P79 Trans-acting repressors as tools for metabolic engineering in Escherichia coli
Sunday, July 20, 2014
Charles B. Johnson, Matthew F. Copeland, Mark C. Politz and Brian F. Pfleger, Chemical and Biological Engineering, University of Wisconsin-Madison, Madison, WI
Simple and predictable trans-acting regulatory tools are needed in the fields of synthetic biology and metabolic engineering to build complex genetic circuits and optimize the levels of native and heterologous gene products. Trans-regulators, such as TALEs, CRISPR/Cas, and sRNAs, can be easily designed to bind target sequences due to the simplicity of the rules governing their interactions with nucleic acids.
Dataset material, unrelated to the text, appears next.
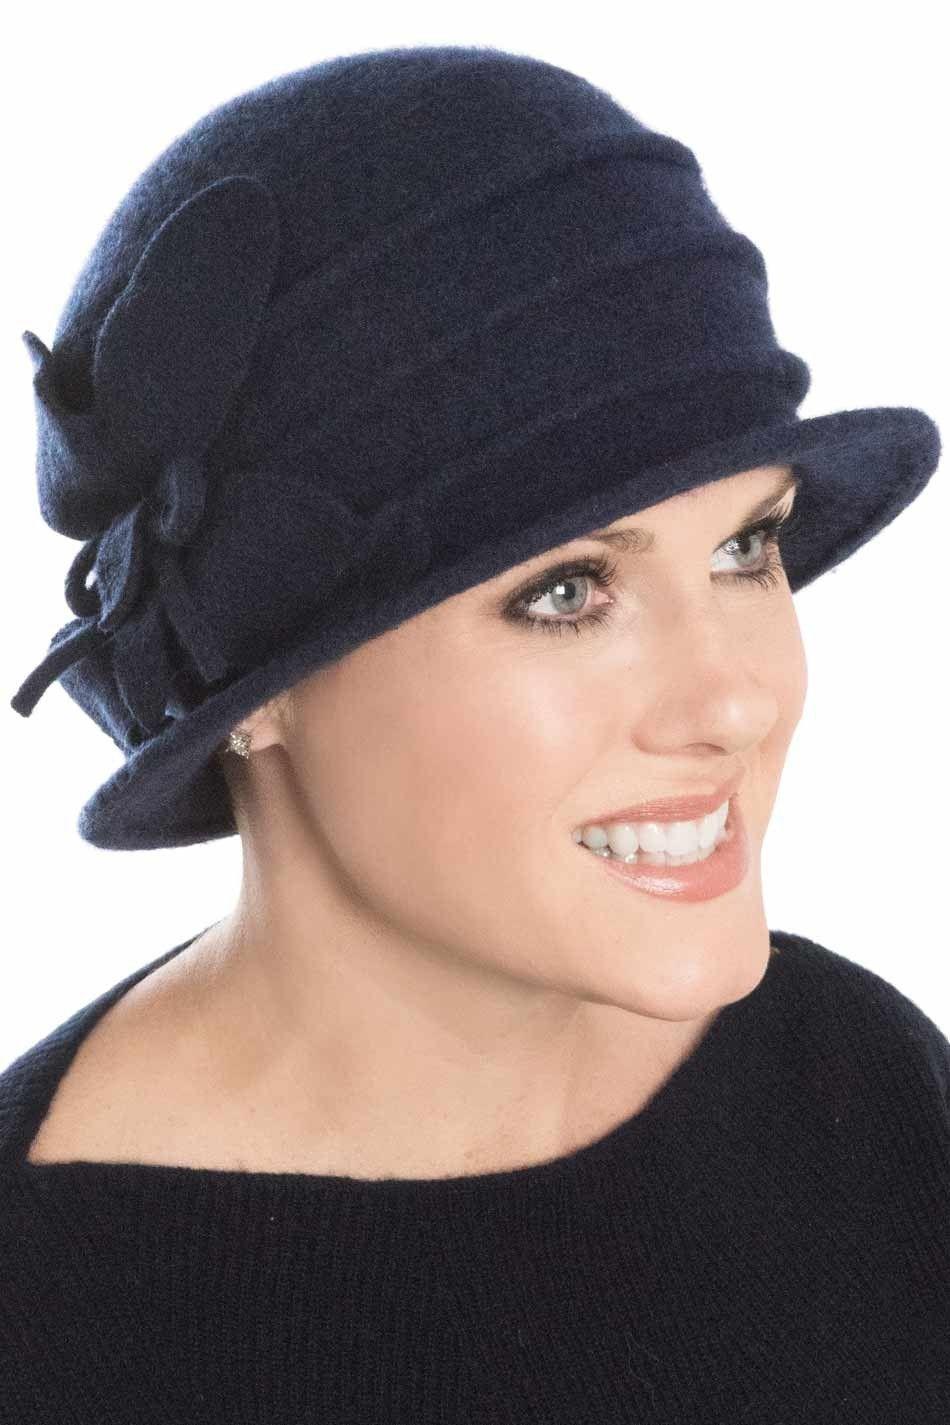 806cd4411bd Fleece Ireland Cloche Hat for Women - Winter Cancer   Chemo Hat

These trans-regulators enable us to repress the expression of genes at the transcriptional or post-transcriptional levels, enabling us to down-regulate gene expression without prior manipulation of cis-acting and/or chromosomal target DNA sequences. We are now harnessing these trans-repressors to target genes encoding enzymes involved in central metabolism in an engineered strain of E. coli in to improve the yield and titer of free fatty acids and fatty alcohols. We are particularly interested in knocking down, but not knocking out, genes encoding TCA cycle enzymes, such as sucABCD or gltA, in order to both reduce acetyl-CoA flux into the cycle and the loss of carbon as CO2. These strategies demonstrate the utility of using trans-acting repressors to tune down gene expression and as tools for rapidly screening candidates for future gene knockouts.